Averill: In 1892 Adelina was sent to St. Louis to attend the Maryville College of the Sacred Heart. It was primarily a Catholic finishing school. Although the wealthiest Spanish and Mexican families of New Mexico had been sending their children away to school for generations, primarily to Mexico City, and later to St. Louis, once the railroad reached the Southwest it made travel much simpler.
Elizabeth: In 1897, Adelina’s mother Eloisa wrote out her will, in which she bequeathed her first husband’s lands to her two sons by that marriage and bequeathed her Luna family landholdings to her daughter Adelina. Spanish/Mexican law had given women a legal identity and many rights. Some of these rights consisted of maintaining one’s maiden name after marriage, property ownership within the marriage, and community property in case of divorce. Hispanas could buy and sell crops, animals, and material goods, as well as operate stores, enter into contracts, and file lawsuits in court as well as testify. Eloisa followed a long tradition of Hispanas’ bequeathing the lands they brought into a marriage to their daughters in accordance with Spanish and Mexican customs.[2]
Elizabeth: However, women’s rights were somewhat curtailed by statehood. The New Mexico constitution, written in 1910, contained provisions defending the ethnic, cultural, and linguistic rights of Hispanic New Mexicans. However, Article VII, which proclaimed these rights, also limited the political rights of women and only allowed them to hold public offices related to schooling, such as superintendent, director, or member of boards of education.
Averill: In 1908 Adelina married First Lieutenant Rawson D. Warren, the commanding officer of the Fifth U.S. Cavalry stationed at Fort Wingate. By all accounts it was not a happy marriage. She did not enjoy the restrictive life of an Army officer’s wife and she missed her large family and friends in Santa Fe. She seemed to buck against the rules whenever she had a chance. For example, once after being expressly forbidden to ride her husband’s stallion, she rode it anyway. While riding, the stallion reared back, hit Adelina’s face and broke her nose.[3]
Elizabeth: However, restrictions as to her movements were probably not the only issues in Adelina’s marriage. She also found out that her husband had another family in the Philippines, a common-law wife and two children. She divorced him after only two years of marriage.
Averill: Even though she had justifiable cause, divorce was not acceptable to elite Hispano nor Anglo standards of respectability in early twentieth-century New Mexico.

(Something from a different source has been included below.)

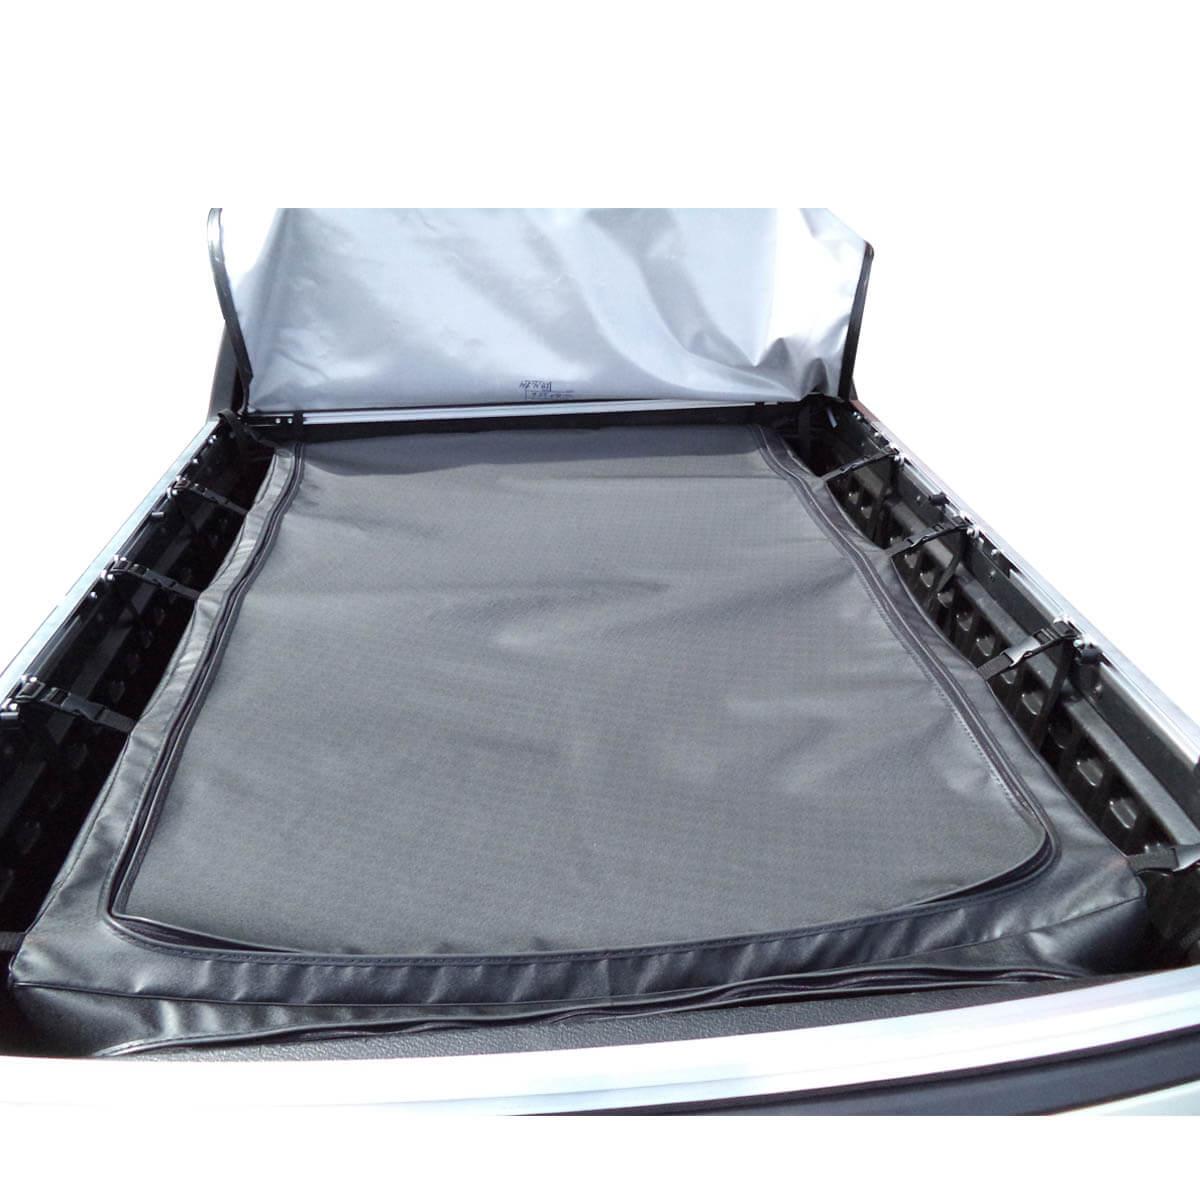 Bolsa caçamba estendida horizontal L200 Triton 2008 a 2016

Adelina sidestepped any social ramifications due to her divorce by referring to herself as a “widow.” She also kept her married name and her birth name for the rest of her life, thus becoming Mrs. Nina Otero-Warren.
Elizabeth: After the divorce Nina Otero-Warren traveled to New York City, ostensibly to keep house for one of her younger brothers, Luna Bergere, who was attending medical school at Columbia University. While in New York, she volunteered her time at Anne Morgan’s Colony Club. Anne Morgan was the youngest daughter of J.P. Morgan. She was a union activist and part of the “Mink Brigade” that attempted to shield striking garment workers in the 1909 Uprising of 20,000 in New York City. She created the Colony Club, a residence for young women without family working in New York, in the vein of settlement work. Settlement houses were an important Progressive Era social welfare experiment that provided welfare needs to young, working class women in an urban environment. It was also a way for middle-class, educated women to engage with community building and activism.

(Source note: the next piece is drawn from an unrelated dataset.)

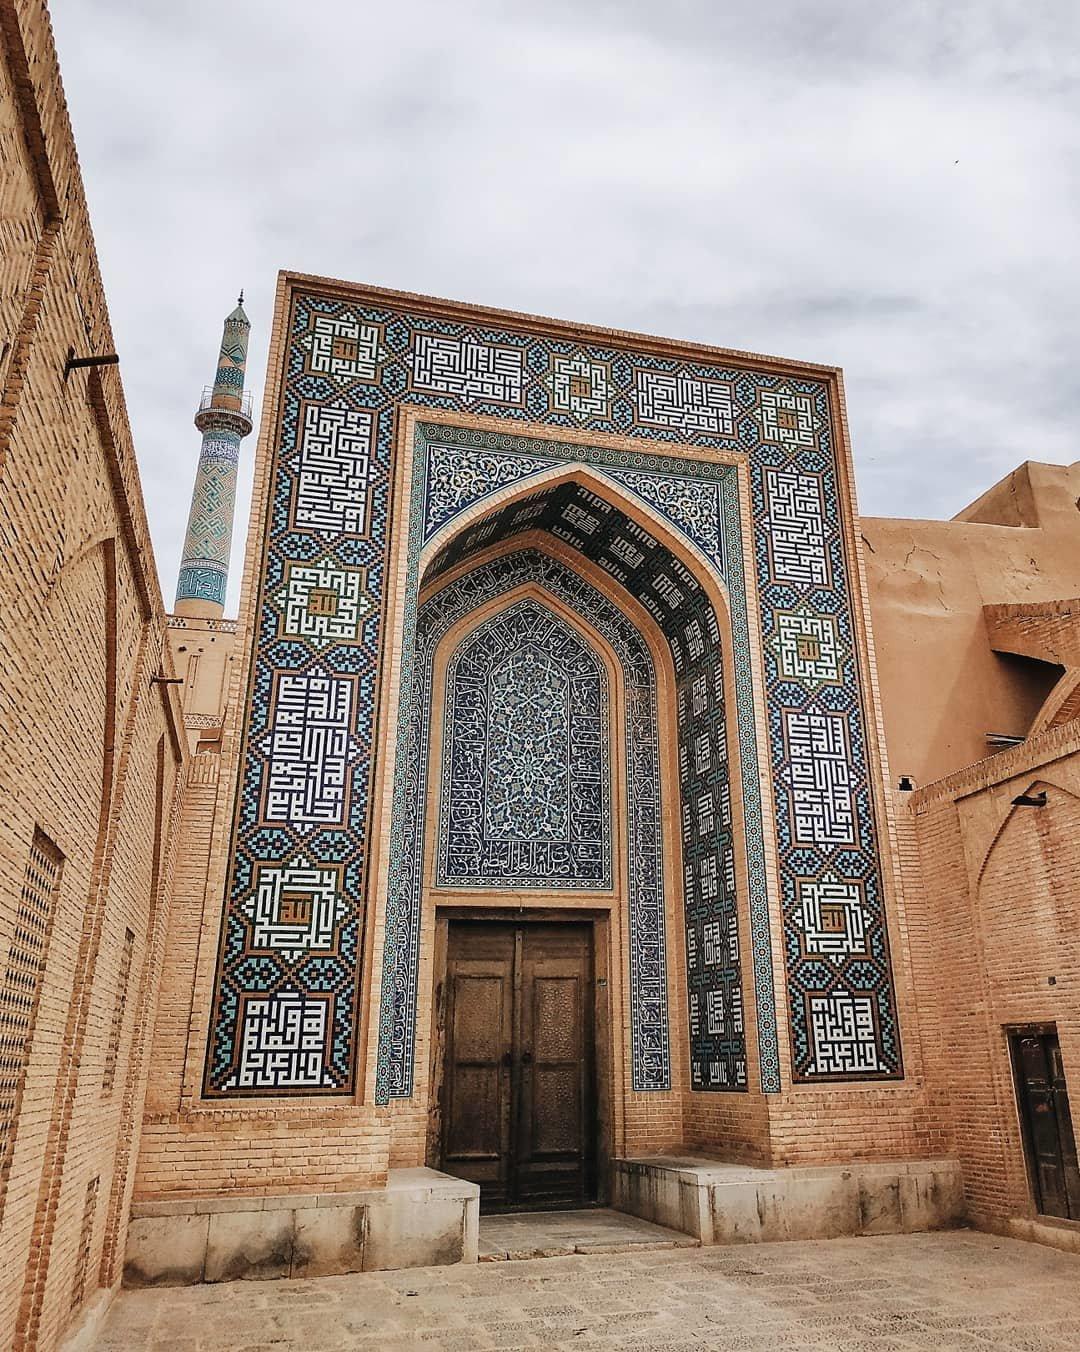 Город роз, персидские дворцы и Медина. Как харьковчанка провела две недели в Иране и Марокко, - ФОТО, фото-4

Averill: Otero-Warren lived in New York City for two years, soaking in the city and working at Morgan’s settlement home. Unfortunately, her mother Eloisa died in 1914, prompting Otero-Warren to return to New Mexico to care for the Luna estate as well as her younger brothers and sisters.
Elizabeth: While Otero-Warren was in New York, New Mexico became the forty-seventh state admitted to the Union. Because New Mexico’s state constitution denied voting rights to “Indians not taxed,” (like many other state constitutions) the majority of New Mexico’s indigenous population was disenfranchised, including anyone living in the nineteen Pueblos, the Apache reservation, and the Navajo reservation. This primarily left New Mexico’s Hispanic and Anglo women to engage with the issue of women’s suffrage.

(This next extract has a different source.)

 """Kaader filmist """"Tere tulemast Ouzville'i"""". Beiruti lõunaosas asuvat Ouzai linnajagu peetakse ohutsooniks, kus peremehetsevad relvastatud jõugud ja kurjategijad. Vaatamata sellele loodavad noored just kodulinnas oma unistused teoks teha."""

Averill: Across the nation, the National American Woman Suffrage Association (NAWSA) was working to convince male state legislatures to amend their state constitutions and allow women to vote. Because of the high threshold the New Mexico constitution had for any amendments to the constitution, it was near impossible to move the state to the suffrage column. So the NAWSA strategy of gaining women’s suffrage state-by-state was not a viable option in New Mexico. (For more information about this period of suffrage you can dive into a few episodes about the American women’s suffrage that will be linked in the show notes on the blog.)
Elizabeth: Since changing the state constitution was practically out of the question, radical reformer Alice Paul’s organization, the Congressional Union (CU), with its focus on a national constitutional amendment held more promise for New Mexico’s women. CU organizers started working in New Mexico in 1914 and tapped existing networks consisting of primarily Anglo women, such as the state’s Women’s Christian Temperance Union. However, Hispanas for the most part were not members of the Protestant WCTU. The CU quickly realized that if they wanted to organize New Mexico, they needed Hispana women on their side.
Averill: Educated, bilingual, Hispanic women like Otero-Warren were integral in leading suffrage work in former Mexican territories like New Mexico. In 1916 the CU organized a statewide convention to establish an official New Mexican branch of the CU, adopt a constitution, and elect state officers.
Elizabeth: Although Hispanas were highly visible at the conference, the majority of officers elected to the CU branch were Anglo women. However, Otero-Warren was elected vice chair of the organization. The following year in 1917 when Sarah Raynolds stepped down as chair, Alice Paul personally tapped Otero-Warren to take the position of state chair.
Averill: Hispanas such as Mona Baca, who sold suffrage pins, and Aurora Lucero who solicited subscriptions to the CU magazine the Suffragist, were deeply involved in the conference. Otero-Warren’s sisters Dolores and Rosina Bergere worked as ushers at the event. Otero-Warren and these four women– and many others like them– were proud of their Spanish heritage and reminded others of their descent from conquistadors.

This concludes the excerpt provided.